When AI risk sits everywhere, it can end up owned by nobody
A persistent misconception Khan and Lee encounter is that AI risk is primarily a technology or data science issue, or that it only applies to organisations building their own models. Neither holds. “Many firms are already exposed through vendor solutions, embedded AI tools, productivity applications, customer-facing chatbots, screening tools, fraud detection systems or third-party analytics,” they point out. And in practice, the risks cut across compliance, financial crime, legal, operations, cyber, procurement, privacy, model risk and senior management accountability.

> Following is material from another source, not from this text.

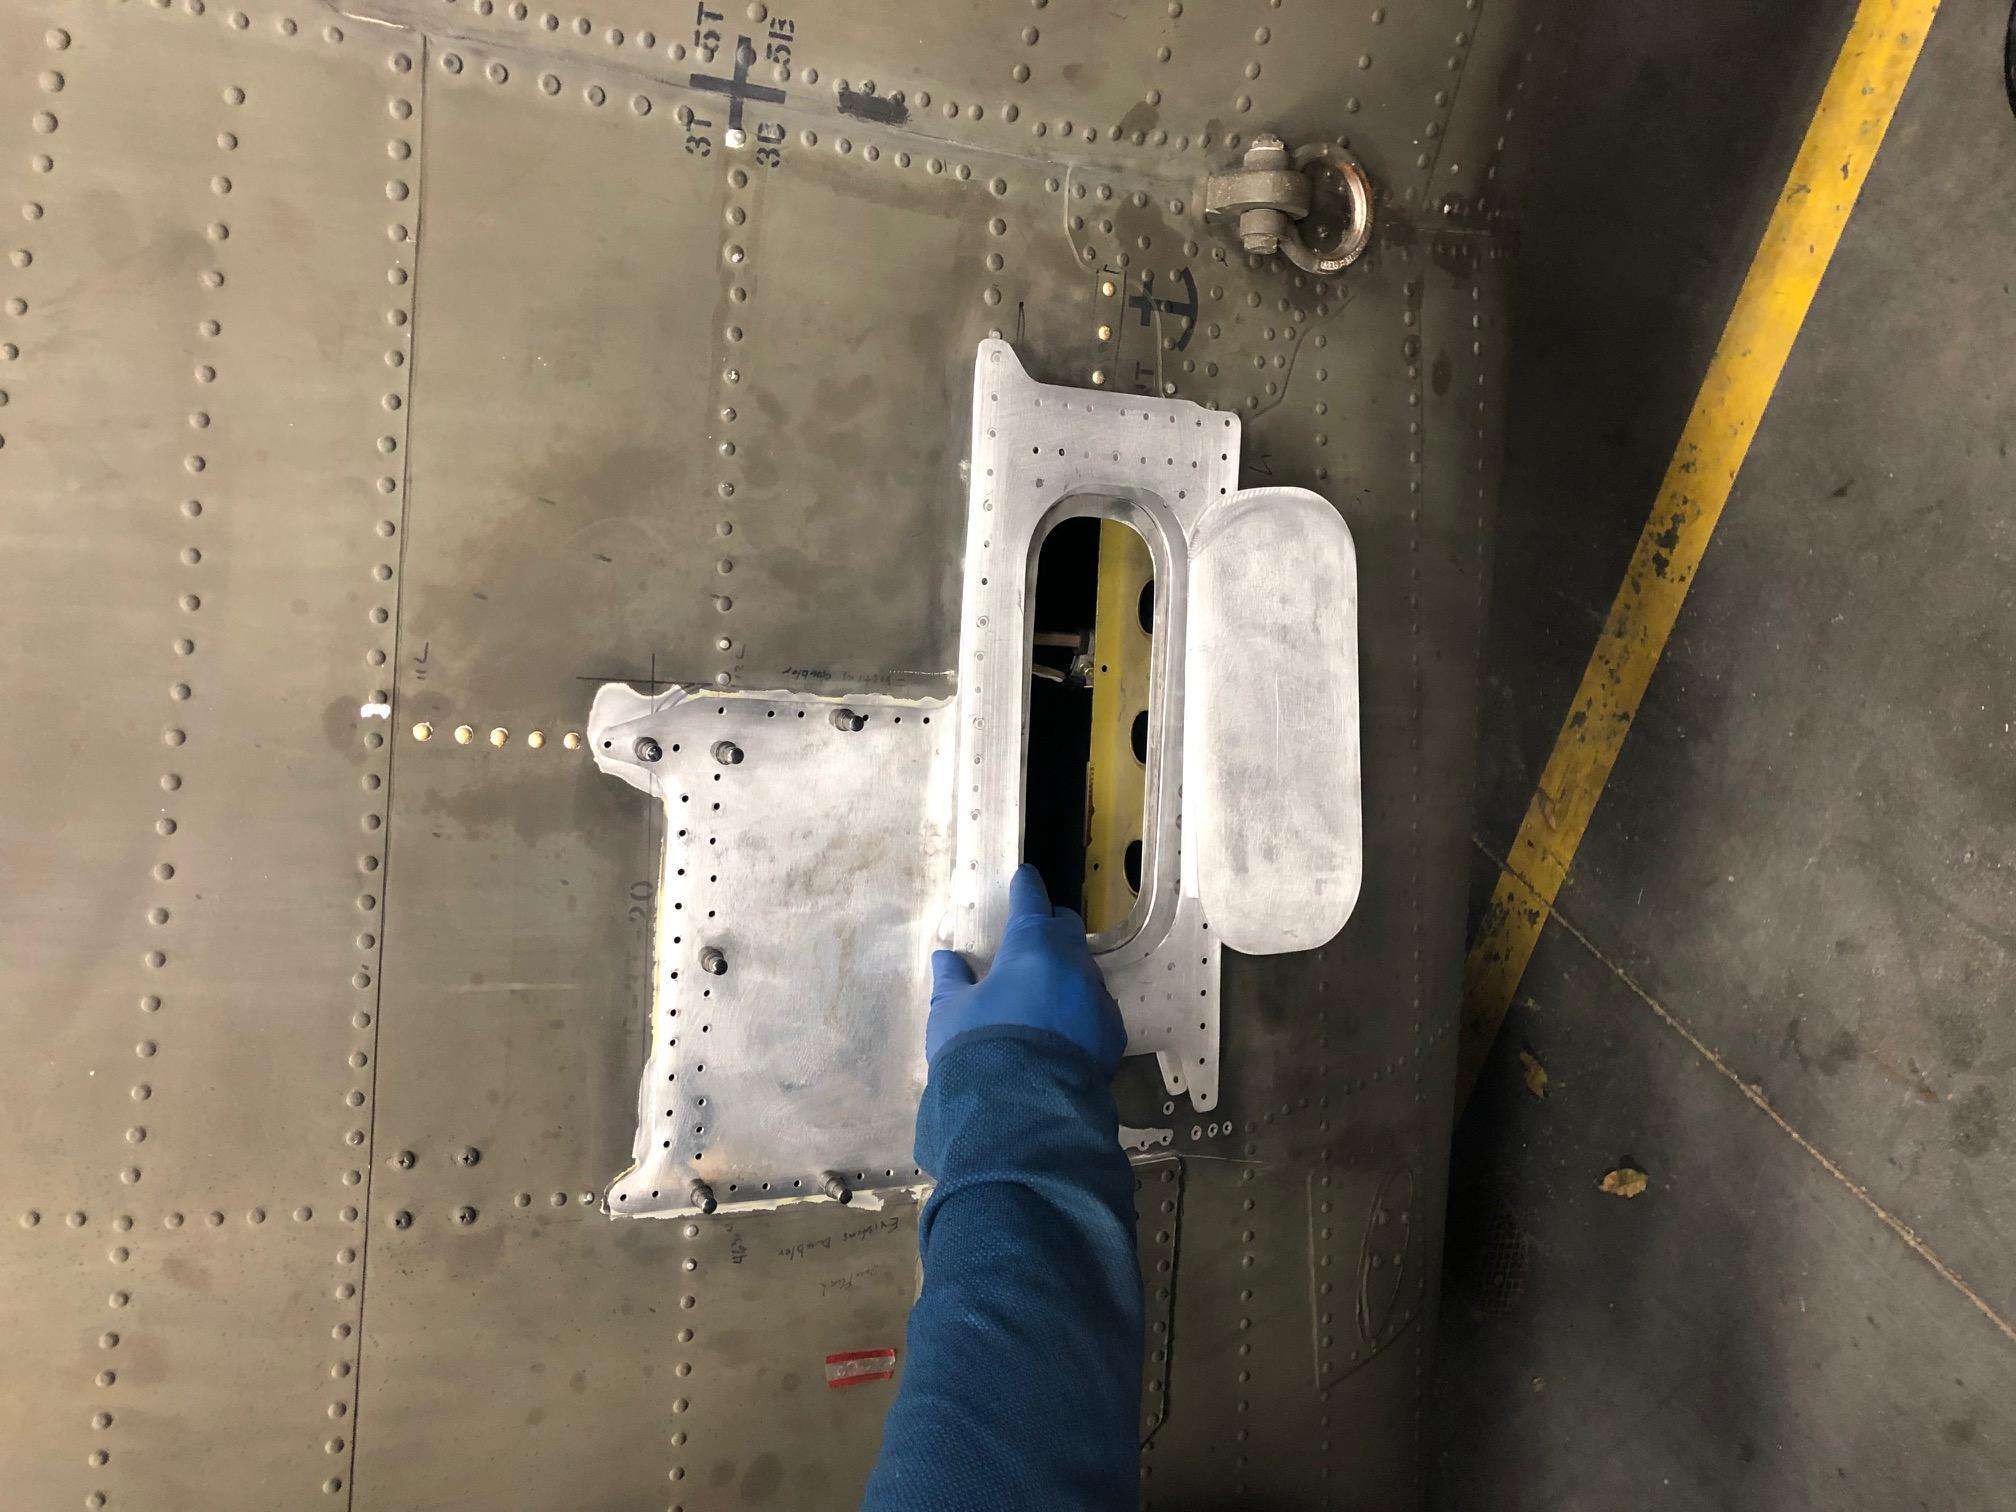 APU Hand pump and gauge relocation

On governance, their assessment is candid: “The problem is that when something sits everywhere, it can end up being owned nowhere.” The response within many organisations reflects exactly this. Legal tracks new AI regulations. Compliance looks at policy obligations. Technology experiments with AI tools. Risk considers model governance. But these efforts are not always joined up, and the nature of AI risk demands a cross-disciplinary response that is not yet consistently happening.
The implication for compliance teams is specific. If AI is being used to support investigations, customer risk ratings or fraud detection, compliance cannot be a passive observer. It needs to understand how those systems work, where they can fail and how to evidence appropriate oversight.
The skills gap that matters most is not technical
If there is one area where Khan and Lee are most emphatic, it is in reframing what AI literacy actually means for compliance professionals. “The biggest gap is not coding,” they say. “It is AI literacy and understanding of the risk and ethical dilemmas for risk decision-making.”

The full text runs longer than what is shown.